Di conseguenza quando un consigliere di un certo “potere” viene messo in una colonna della plancia delle azioni tutti quelli che hanno valore più basso sono costretti a “scalare” verso il basso di una casella. Quando però una colonna è piena non si possono più aggiungere altri consiglieri, indipendentemente dalla loro “potenza”.

Al termine della fase 1 si risolveranno le azioni partendo dai consiglieri di valore più basso, uno alla volta ed in ordine di turno (partendo da quello di valore “1” del primo giocatore) e poi si procederà ad ogni nuovo giro con i consiglieri di valore crescente.

I consiglieri ed i tre tipi di edificio a disposizione di ogni giocatore[/caption]

Soffermiamoci per esempio sulla situazione mostrata dalla foto qui sotto:

La plancia delle Azioni durante una partita

La plancia delle Azioni durante una partita

Supponendo che sia di turno il bianco, il giocatore toglierà dalla plancia per primo il suo consigliere n°1 (quello in basso a sinistra nella foto) ed eseguirà il reclutamento di una unità (mettendo una nuova miniatura in un territorio occupato dalla sua fazione); lo seguirà il giocatore rosso che toglierà il suo n° 1 dalla sesta colonna per pescare due carte “complotto” e sceglierne una; poi toccherà al giallo (seconda colonna) che potrà eseguire due movimenti (muovendo di due aree con una sola pedina oppure di un’area con due pedine) ed infine al blu (terza colonna) che, pagando una moneta, potrà effettuare un attacco. Poi si ripete la procedura con i consiglieri “2” e così di seguito fino quelli di valore “5”.
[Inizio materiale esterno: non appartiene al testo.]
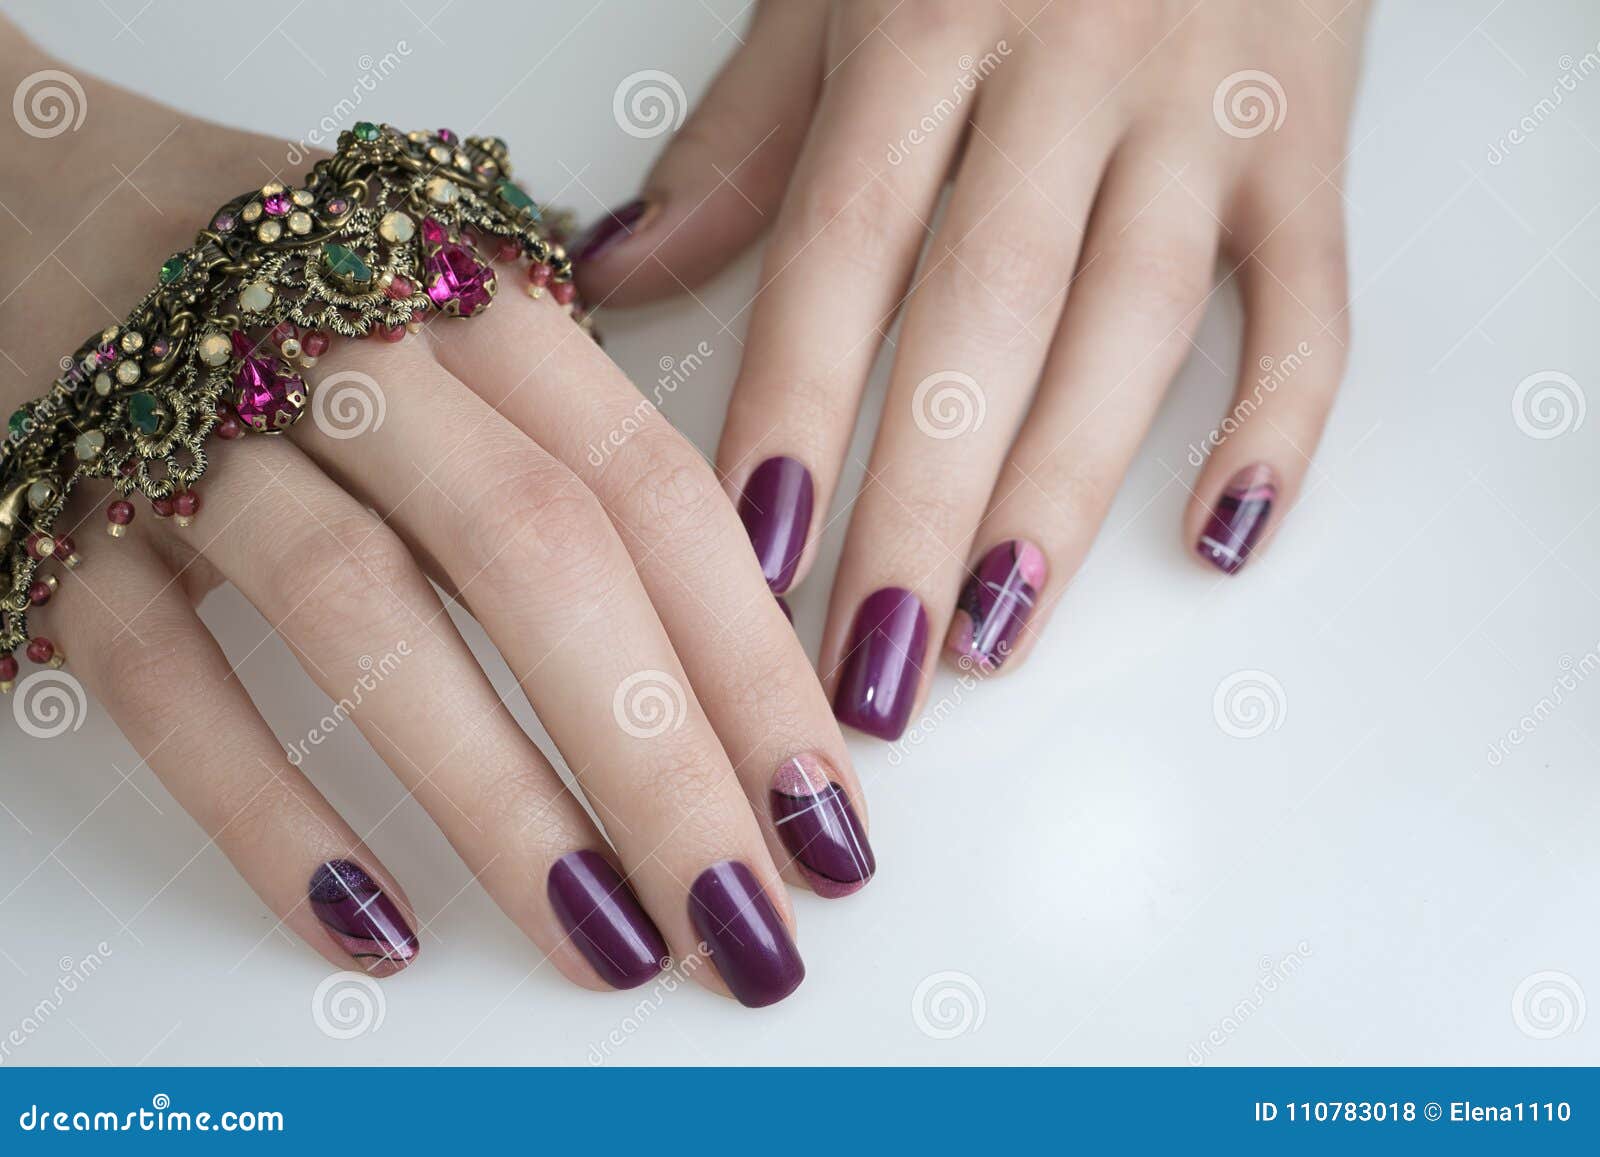 manicured woman`s nails with french nail art. nailart manicure.

Se ne deduce una prima conclusione importante: è sempre interessante conquistare delle caselle di grande valore, ma va fatto “cum grano salis”, perché non serve a nulla avere un grosso vantaggio in un’azione che sarà impossibile sfruttare pienamente al momento del suo utilizzo perché in un’altra abbiamo ottenuto il minimo: in altre parole ogni turno deve essere programmato molto attentamente, sapendo che certi consiglieri potrebbero essere spostati dagli avversari, e spesso è necessario essere certi di poter eseguire certe azioni nel turno corrente per poter poi sfruttare altre azioni nel successivo con quanto si è guadagnato.

Partita in corso

Partita in corso

Lo scopo di Rurik: L’alba di Kiev e di arrivare alla Fase 3 (Rivendicazione) con le risorse e le conquiste giuste per poter avanzare con i segnapunti, per cui, anche se la pacifica convivenza fra unità di diversi colori è possibile, prima o poi si arriverà ad uno scontro per ottenere il controllo di certe aree ( di cui cercare di sfruttare poi anche le risorse).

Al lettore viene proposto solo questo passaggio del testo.